You can disable Aegis's built-in validation logic if you want to rely solely on your custom validation rules or have a different validation process.

LicenseManager.SetBuiltInValidation(false);

This will prevent LicenseManager from performing its default validation checks for license type, expiry date, and other built-in criteria.
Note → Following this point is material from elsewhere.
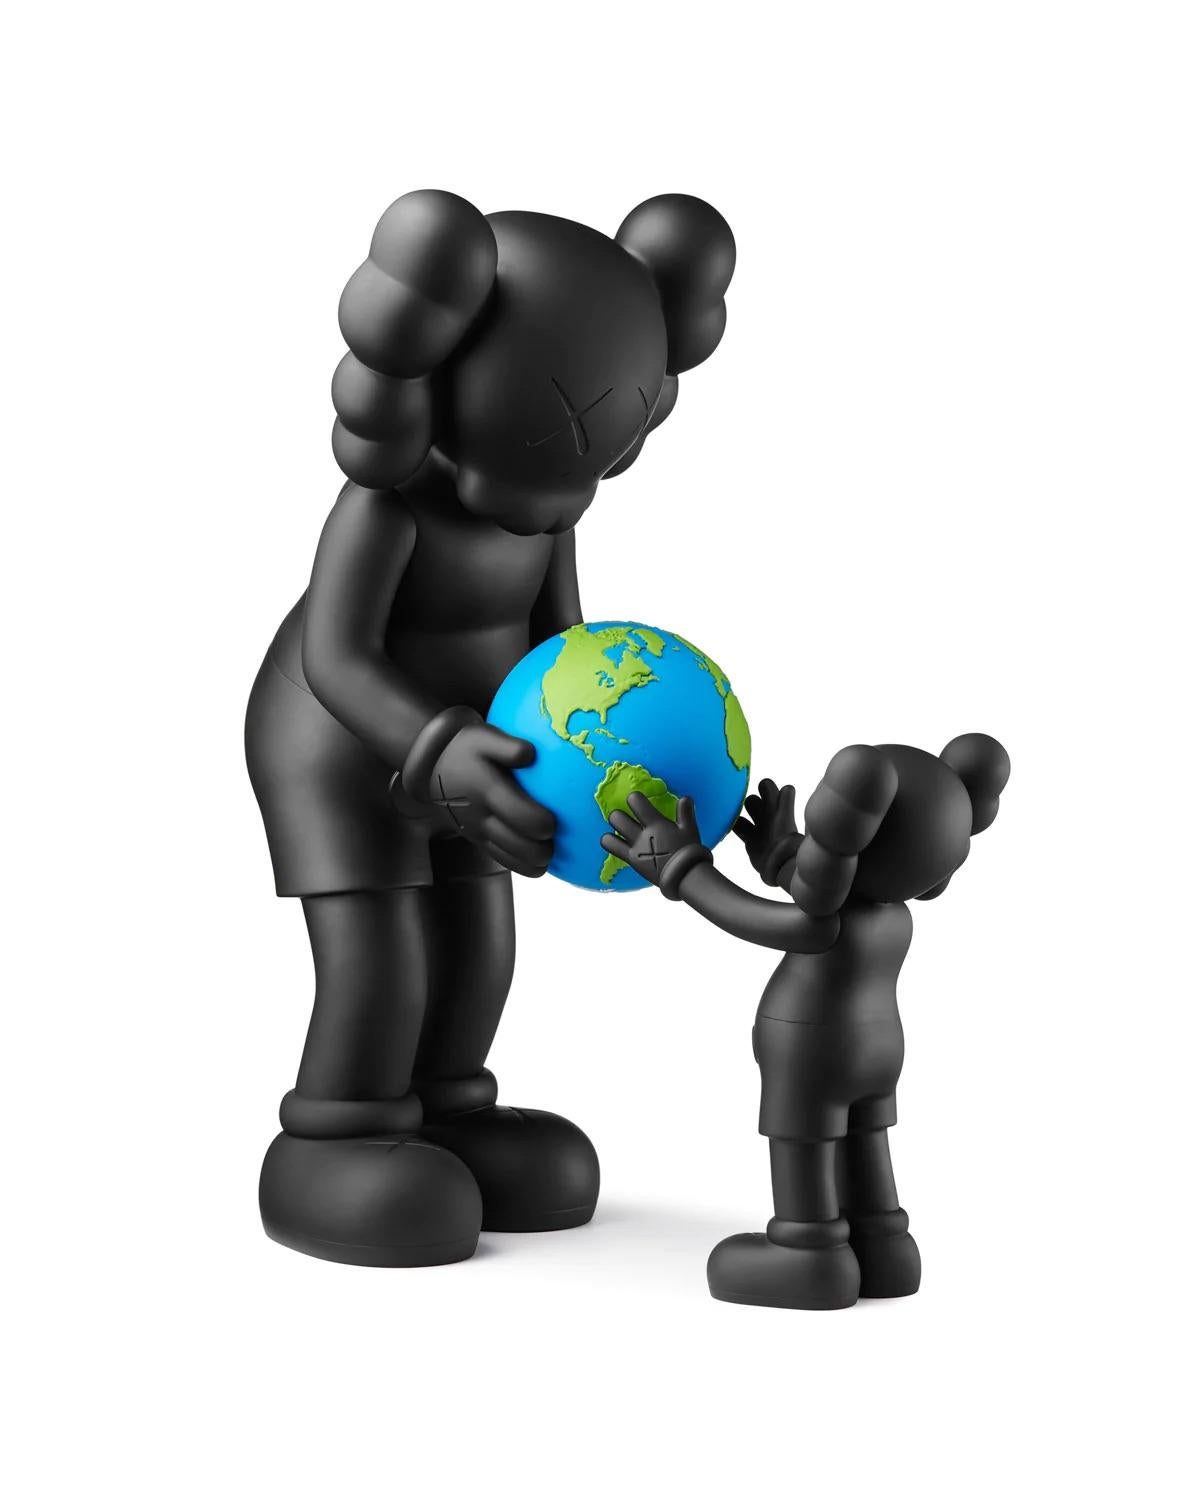 KAWS The Promise (black):
A unique KAWS Companion featuring a blue & green globe being affectionately shared between parent & child. This timeless, highly collectible KAWS art toy was published on the occasion of: The Promise art installation at

You will be responsible for implementing all necessary validation logic in your custom rules or through other means.

Architecture

Aegis Licensing System Architecture:

The Aegis licensing system comprises two main components: the Aegis client library (integrated into your .NET application) and the Aegis.Server backend service.

Client-Side:

License Generation: Licenses are generated using the Aegis library, typically during the development or deployment process.
License Storage: The generated license file is stored securely on the client machine (consider best practices for protecting this file).
License Loading: The client application loads the license file using LicenseManager.LoadLicenseAsync().
Validation:
- Offline Validation: The license is validated locally using cryptographic signatures, checksums, and any registered custom validation rules.
- Online Validation: For floating and concurrent licenses, the client library connects to the Aegis.Server.AspNetCore to validate the license and manage activations.
Feature Access: The application checks for enabled features using FeatureManager.IsFeatureEnabled().
Heartbeat (Concurrent Licenses): For concurrent licenses, the client library periodically sends heartbeat requests to the Aegis.Server.AspNetCore to maintain an active connection.

Server-Side:

License Management: The Aegis.Server backend service manages licenses and activations.
Heartbeat Monitor: A background service monitors heartbeat requests from clients and automatically disconnects inactive concurrent users.
ASP.NET Core Sample Implementation: A sample ASP.NET Core application is available in the Aegis.Server.AspNetCore project and it offers.
- API Endpoints: Aegis.Server.AspNetCore exposes RESTful API endpoints for license validation, activation, revocation, user authentication, and heartbeat monitoring.
- Database: A SQL database is used to store license information, user data, activations, and other relevant data.
- Authentication: Aegis.Server.AspNetCore uses JWT (JSON Web Tokens) for user authentication and authorization.
- ApplicationDbContext: Aegis.Server.AspNetCore uses the ApplicationDbContext that inherits from AegisDbContext to store license information, user data, activations, and other relevant data.

Interaction:

Client applications communicate with the Aegis.Server.AspNetCore using its API endpoints.
For floating and concurrent licenses, the server tracks the number of active users and enforces license limits.
The heartbeat mechanism ensures that the server has an up-to-date view of active concurrent users.

Troubleshooting

License Validation Errors:
- Ensure the license file is not corrupted or tampered with.
- Check the system clock on the client machine to ensure it is accurate.
- Verify the license key and any validation parameters (e.g., hardware ID, username) are correct.
- If using online validation, ensure the server is reachable and the API key is configured correctly.
Server Errors:
- Check the server logs for any error messages.
- Ensure the database connection string and JWT settings are configured correctly in the appsettings.json file.
Concurrent License Issues:
- If users are being disconnected unexpectedly, check the heartbeat interval and timeout settings on both the client and server.
- Ensure that the server can handle the expected number of concurrent connections.

Contributing

Contributions to Aegis are welcome!

Guidelines:

Fork the repository on GitHub.
Create a new branch for your feature or bug fix.
Make your changes and ensure they follow the project's coding style.
Write tests to cover your changes.
Submit a pull request to the main repository.

License

This project is licensed under the MIT License - see the LICENSE file for details.